A model that highlights the factors leading to the reduced gap between TA and SA in the current study

The complexity of the clinical environment makes it difficult to know for sure whether the introduced assessment method or some other variable affected SA accuracy. For example, the patient and the dental assistant’s role were not taken into consideration in the current study. Task familiarity is another factor that can affect participants’ ability to self-assess; this limits the transferability of our findings to other procedures. Although many variables such as time, case difficulty, and procedure were taken into consideration, this study’s results need to be interpreted with an understanding of the nature of the complex clinical environment.

Implementation of DOPS as proposed in the protocol of this study should have similar feasibility to the regular DOPS with no self-assessed forms. The long amount of time the assessor has to spend with the assessee is a feasibility issue that was reported in the previous literature and were faced in this study [14]. This issue should be especially problematic when shortage of staff and large student count are apparent as in the case Damascus University dental school [38, 39]. Nonetheless, adding the self-assessment component to DOPS did not increase the usual amount of time taken for feedback despite the focus on fostering on self-assessment. In actuality, it made the feedback session more focused and efficient as the teacher skipped discussing the points in which the trainee showed confirming self-assessment and focused primarily on aspects that have disconfirming self-assessment. The proposed DOPS model adopted in this study should be as pedagogically effective as regular DOPS [40] and it could be more student-centered thanks to its self-assessment component; this might increase acceptability of DOPS among students. To allow the implementation of this self-assessment focused DOPS at a larger scale at dental schools such as Damascus University Faculty of Dental Medicine, it is suggested that the university should reform its assessment policy to allow the adoption and experimentation with for-learning assessment methods; second, the university should increase funding to train the clinical staff; third, the university should modify its admission policy taking into consideration the staff capacity [38, 39].

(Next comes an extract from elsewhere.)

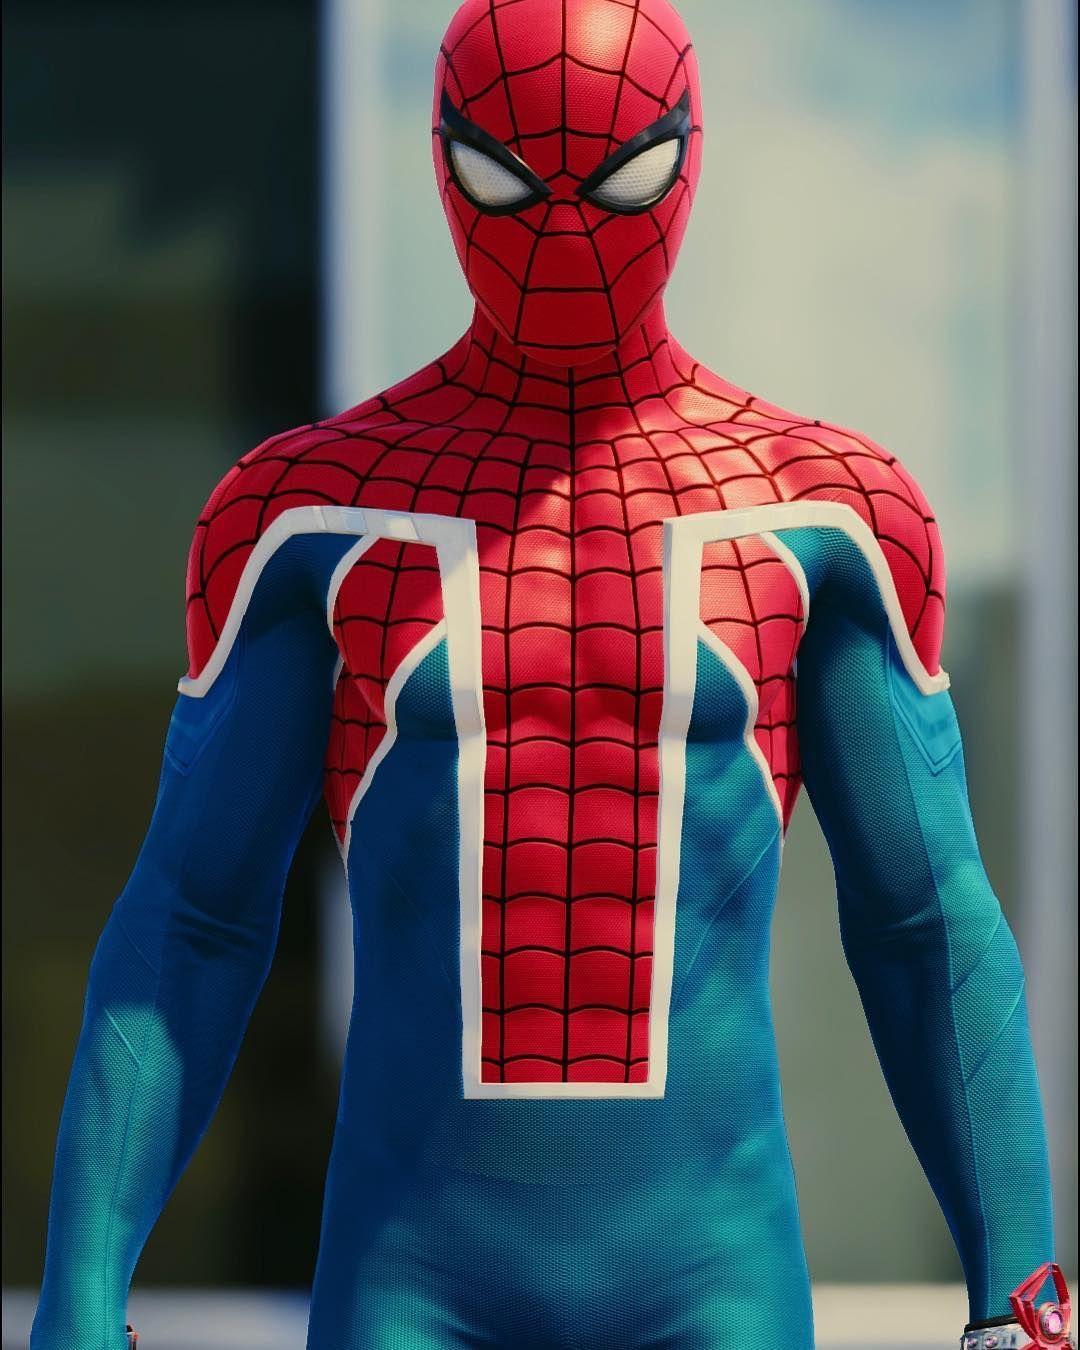 Spidey Suit Series; Spider-UK Suit 📸 #Gametography # ...

Despite its limitations, the current study findings add to the body of the literature concerned with improving the SA accuracy of dental trainees. Few studies have tried to improve SA in authentic clinical work settings [10]; this makes the current study an important addition, especially with the results it held as to the improvement in SA ability of participants. It is well-established in the scientific community that students have poor self-assessment abilities [41, 42] and evidence did not suggest the improvement of this skill without intervention over time [6, 43]. This urges for the exploration of novel structured methods to teach students how to accurately self-assess their performance in the hectic clinical environment [10]. It would be of interest for future research to explore how this self-DOPS affects students’ SRL processes.

Conclusion

The findings of this study suggest that the introduced assessment method was effective in fostering participants’ ability to self-assess and identify areas of improvement in the clinical environment. A natural progression of this work is to evaluate the effectiveness of the introduced assessment method in developing participants’ self-assessment of performance in a wider range of clinical procedures.